__Assignment__. Below are some records. Return exactly the lines from the one containing "Miami Dolphins Women's" through the one containing "Plans for the new A96 park and ride", both included, and only those.

__Task inputs__.

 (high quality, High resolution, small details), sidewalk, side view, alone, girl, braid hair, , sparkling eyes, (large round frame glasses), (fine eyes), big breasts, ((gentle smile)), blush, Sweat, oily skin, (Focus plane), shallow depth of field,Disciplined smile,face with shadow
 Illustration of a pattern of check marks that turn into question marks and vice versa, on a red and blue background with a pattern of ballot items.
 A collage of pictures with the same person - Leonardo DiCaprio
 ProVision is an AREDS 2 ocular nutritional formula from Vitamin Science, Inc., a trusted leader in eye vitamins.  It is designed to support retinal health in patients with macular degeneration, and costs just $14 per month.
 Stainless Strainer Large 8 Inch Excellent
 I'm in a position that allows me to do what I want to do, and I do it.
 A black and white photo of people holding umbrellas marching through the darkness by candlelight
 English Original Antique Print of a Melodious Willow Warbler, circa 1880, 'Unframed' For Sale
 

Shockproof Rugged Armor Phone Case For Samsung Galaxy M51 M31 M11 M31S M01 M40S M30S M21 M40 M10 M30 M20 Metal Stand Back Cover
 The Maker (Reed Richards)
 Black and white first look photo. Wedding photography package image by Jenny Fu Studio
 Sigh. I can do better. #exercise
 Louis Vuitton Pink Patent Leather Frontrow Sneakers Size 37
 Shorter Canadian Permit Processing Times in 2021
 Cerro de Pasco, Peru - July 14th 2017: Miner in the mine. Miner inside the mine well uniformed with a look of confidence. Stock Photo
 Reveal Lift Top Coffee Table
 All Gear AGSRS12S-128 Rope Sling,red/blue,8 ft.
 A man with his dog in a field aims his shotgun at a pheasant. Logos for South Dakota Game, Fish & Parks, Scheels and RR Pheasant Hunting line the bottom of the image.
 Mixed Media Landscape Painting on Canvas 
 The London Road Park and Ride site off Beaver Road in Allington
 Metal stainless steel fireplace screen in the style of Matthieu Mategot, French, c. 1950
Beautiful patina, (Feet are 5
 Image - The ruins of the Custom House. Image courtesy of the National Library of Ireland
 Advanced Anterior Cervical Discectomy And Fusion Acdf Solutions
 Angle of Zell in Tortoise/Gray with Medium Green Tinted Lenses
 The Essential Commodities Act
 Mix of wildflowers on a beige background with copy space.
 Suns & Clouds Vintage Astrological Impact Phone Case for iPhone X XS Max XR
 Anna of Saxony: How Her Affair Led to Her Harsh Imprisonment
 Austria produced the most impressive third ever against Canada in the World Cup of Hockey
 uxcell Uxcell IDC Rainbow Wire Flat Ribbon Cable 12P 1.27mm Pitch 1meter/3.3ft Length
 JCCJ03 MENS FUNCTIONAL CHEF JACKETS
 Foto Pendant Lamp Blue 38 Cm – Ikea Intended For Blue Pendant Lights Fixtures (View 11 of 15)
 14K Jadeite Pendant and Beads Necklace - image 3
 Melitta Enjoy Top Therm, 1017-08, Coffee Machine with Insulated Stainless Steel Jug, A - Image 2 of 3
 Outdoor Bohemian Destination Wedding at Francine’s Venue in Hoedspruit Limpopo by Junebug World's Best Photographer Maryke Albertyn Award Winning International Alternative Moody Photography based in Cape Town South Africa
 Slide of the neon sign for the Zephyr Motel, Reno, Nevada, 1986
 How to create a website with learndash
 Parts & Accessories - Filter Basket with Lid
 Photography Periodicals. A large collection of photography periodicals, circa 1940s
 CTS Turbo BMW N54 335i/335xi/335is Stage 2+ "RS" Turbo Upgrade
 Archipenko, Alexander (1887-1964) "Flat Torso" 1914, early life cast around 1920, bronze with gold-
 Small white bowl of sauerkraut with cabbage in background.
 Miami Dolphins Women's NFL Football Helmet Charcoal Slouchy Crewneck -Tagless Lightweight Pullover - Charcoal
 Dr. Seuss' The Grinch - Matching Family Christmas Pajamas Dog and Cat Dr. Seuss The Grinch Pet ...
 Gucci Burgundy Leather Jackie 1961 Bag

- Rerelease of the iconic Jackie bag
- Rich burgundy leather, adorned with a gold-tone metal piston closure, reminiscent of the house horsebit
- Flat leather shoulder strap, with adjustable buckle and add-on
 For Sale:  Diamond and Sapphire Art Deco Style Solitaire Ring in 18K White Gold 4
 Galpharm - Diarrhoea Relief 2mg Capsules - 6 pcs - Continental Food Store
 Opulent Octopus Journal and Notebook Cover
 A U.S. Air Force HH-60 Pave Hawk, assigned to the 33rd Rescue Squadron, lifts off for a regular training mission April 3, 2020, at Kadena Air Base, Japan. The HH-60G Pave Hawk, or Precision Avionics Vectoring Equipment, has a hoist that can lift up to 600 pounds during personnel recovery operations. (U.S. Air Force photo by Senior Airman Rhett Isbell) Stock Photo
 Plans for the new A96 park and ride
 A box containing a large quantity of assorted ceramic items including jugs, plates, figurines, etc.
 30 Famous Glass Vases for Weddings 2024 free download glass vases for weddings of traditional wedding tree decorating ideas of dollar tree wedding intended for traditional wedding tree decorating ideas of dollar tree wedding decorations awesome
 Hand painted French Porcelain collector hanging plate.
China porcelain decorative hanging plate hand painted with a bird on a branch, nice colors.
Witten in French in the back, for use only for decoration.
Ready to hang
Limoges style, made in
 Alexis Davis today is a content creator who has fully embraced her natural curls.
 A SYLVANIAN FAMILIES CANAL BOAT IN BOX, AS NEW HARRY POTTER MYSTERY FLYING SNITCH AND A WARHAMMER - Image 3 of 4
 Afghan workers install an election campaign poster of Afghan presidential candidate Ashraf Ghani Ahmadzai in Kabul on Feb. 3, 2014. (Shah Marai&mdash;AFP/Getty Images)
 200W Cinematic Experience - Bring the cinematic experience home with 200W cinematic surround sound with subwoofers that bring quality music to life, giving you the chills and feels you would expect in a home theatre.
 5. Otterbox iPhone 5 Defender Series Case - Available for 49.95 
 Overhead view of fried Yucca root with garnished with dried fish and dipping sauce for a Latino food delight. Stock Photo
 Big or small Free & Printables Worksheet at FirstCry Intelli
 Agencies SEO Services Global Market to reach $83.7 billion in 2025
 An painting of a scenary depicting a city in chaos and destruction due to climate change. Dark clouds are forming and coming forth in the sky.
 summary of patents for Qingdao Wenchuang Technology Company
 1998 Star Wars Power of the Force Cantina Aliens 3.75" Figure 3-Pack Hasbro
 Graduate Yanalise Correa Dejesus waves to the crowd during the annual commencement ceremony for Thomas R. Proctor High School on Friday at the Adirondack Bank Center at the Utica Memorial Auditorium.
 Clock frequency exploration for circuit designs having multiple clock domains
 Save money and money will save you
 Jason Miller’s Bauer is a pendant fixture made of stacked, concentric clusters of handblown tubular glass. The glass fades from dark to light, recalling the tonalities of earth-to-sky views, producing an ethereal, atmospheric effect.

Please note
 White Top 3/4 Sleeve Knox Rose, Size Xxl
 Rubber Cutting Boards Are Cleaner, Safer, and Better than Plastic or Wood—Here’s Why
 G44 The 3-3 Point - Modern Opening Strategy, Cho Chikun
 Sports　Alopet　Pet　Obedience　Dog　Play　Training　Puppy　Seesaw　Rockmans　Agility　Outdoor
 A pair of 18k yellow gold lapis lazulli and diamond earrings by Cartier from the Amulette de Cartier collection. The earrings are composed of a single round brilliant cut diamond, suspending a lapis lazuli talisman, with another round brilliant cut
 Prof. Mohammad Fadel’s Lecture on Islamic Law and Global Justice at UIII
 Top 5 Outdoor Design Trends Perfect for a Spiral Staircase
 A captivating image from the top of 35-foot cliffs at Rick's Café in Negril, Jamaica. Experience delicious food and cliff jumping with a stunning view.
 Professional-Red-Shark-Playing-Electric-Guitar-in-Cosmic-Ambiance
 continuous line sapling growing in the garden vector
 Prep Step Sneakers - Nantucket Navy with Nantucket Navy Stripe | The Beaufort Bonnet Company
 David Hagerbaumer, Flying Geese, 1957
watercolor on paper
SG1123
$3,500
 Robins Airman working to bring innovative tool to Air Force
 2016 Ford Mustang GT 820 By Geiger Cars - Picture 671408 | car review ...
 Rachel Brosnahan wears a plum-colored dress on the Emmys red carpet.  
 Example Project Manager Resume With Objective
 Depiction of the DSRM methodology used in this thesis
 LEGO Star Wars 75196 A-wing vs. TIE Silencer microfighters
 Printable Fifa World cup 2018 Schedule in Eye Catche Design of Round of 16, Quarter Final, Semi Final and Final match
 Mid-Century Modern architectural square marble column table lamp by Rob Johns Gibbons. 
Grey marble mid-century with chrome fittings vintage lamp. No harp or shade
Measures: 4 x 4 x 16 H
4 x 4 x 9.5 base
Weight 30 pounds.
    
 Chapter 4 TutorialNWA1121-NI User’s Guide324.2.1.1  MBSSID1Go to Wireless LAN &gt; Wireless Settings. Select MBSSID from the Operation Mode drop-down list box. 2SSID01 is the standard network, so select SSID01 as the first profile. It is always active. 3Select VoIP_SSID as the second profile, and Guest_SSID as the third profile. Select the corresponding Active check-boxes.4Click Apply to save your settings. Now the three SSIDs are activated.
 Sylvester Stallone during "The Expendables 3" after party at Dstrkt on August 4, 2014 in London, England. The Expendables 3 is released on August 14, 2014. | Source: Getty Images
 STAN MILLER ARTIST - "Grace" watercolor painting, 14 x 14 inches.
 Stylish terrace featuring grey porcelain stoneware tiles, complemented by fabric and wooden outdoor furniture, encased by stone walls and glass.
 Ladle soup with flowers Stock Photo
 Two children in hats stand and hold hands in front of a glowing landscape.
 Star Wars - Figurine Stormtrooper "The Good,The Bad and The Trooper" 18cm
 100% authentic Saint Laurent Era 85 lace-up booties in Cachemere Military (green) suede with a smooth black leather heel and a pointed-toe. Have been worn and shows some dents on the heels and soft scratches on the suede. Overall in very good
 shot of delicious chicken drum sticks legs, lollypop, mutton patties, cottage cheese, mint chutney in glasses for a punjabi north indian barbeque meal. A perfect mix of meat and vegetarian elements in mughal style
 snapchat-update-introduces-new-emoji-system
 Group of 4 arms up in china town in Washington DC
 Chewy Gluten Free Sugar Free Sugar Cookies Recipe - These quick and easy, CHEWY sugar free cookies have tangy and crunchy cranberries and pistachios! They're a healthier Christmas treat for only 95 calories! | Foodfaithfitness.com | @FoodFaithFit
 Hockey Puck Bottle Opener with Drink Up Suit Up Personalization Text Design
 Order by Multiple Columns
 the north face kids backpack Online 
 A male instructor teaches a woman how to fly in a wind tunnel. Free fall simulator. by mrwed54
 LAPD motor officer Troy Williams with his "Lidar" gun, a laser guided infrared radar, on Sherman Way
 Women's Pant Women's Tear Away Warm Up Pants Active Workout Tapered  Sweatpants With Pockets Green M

__Answer space__.
 Miami Dolphins Women's NFL Football Helmet Charcoal Slouchy Crewneck -Tagless Lightweight Pullover - Charcoal
 Dr. Seuss' The Grinch - Matching Family Christmas Pajamas Dog and Cat Dr. Seuss The Grinch Pet ...
 Gucci Burgundy Leather Jackie 1961 Bag

- Rerelease of the iconic Jackie bag
- Rich burgundy leather, adorned with a gold-tone metal piston closure, reminiscent of the house horsebit
- Flat leather shoulder strap, with adjustable buckle and add-on
 For Sale:  Diamond and Sapphire Art Deco Style Solitaire Ring in 18K White Gold 4
 Galpharm - Diarrhoea Relief 2mg Capsules - 6 pcs - Continental Food Store
 Opulent Octopus Journal and Notebook Cover
 A U.S. Air Force HH-60 Pave Hawk, assigned to the 33rd Rescue Squadron, lifts off for a regular training mission April 3, 2020, at Kadena Air Base, Japan. The HH-60G Pave Hawk, or Precision Avionics Vectoring Equipment, has a hoist that can lift up to 600 pounds during personnel recovery operations. (U.S. Air Force photo by Senior Airman Rhett Isbell) Stock Photo
 Plans for the new A96 park and ride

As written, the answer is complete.